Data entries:
────────────────────

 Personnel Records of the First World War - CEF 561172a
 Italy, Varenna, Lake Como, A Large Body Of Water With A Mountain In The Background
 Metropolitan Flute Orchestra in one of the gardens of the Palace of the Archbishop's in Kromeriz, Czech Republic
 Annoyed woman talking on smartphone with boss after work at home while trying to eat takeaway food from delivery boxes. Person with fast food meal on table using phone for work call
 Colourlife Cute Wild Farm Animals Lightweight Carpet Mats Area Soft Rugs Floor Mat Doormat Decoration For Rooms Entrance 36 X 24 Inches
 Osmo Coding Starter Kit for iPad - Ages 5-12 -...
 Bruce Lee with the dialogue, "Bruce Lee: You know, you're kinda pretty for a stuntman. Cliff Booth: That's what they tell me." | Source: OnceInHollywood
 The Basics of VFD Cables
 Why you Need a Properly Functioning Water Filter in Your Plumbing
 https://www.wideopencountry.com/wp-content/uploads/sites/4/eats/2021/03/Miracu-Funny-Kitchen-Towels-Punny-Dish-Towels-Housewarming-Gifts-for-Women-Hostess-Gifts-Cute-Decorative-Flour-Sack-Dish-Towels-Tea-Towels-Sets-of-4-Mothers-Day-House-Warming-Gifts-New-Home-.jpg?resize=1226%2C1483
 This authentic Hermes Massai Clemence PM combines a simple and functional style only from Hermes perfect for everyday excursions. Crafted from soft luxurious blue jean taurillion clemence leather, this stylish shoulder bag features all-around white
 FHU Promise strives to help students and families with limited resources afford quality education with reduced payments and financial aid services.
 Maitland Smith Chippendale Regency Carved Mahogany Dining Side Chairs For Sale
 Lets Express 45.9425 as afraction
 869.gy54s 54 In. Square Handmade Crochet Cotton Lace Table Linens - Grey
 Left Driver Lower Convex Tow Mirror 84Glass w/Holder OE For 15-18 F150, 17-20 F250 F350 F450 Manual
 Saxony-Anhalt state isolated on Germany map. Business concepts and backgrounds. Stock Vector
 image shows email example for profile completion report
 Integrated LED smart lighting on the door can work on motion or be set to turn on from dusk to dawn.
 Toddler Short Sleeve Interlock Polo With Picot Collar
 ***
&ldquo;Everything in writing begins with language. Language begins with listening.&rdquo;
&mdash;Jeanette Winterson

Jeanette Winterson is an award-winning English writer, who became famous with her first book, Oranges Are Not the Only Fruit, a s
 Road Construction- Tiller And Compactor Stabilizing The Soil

────────────────────

- ACTIVITY: Every line from the line containing "Italy, Varenna, Lake" through the line containing "Metropolitan Flute Orchestra" in the records above must be retyped exactly. Leave out the rest.

- THE COMPLETED TASK:
 Italy, Varenna, Lake Como, A Large Body Of Water With A Mountain In The Background
 Metropolitan Flute Orchestra in one of the gardens of the Palace of the Archbishop's in Kromeriz, Czech Republic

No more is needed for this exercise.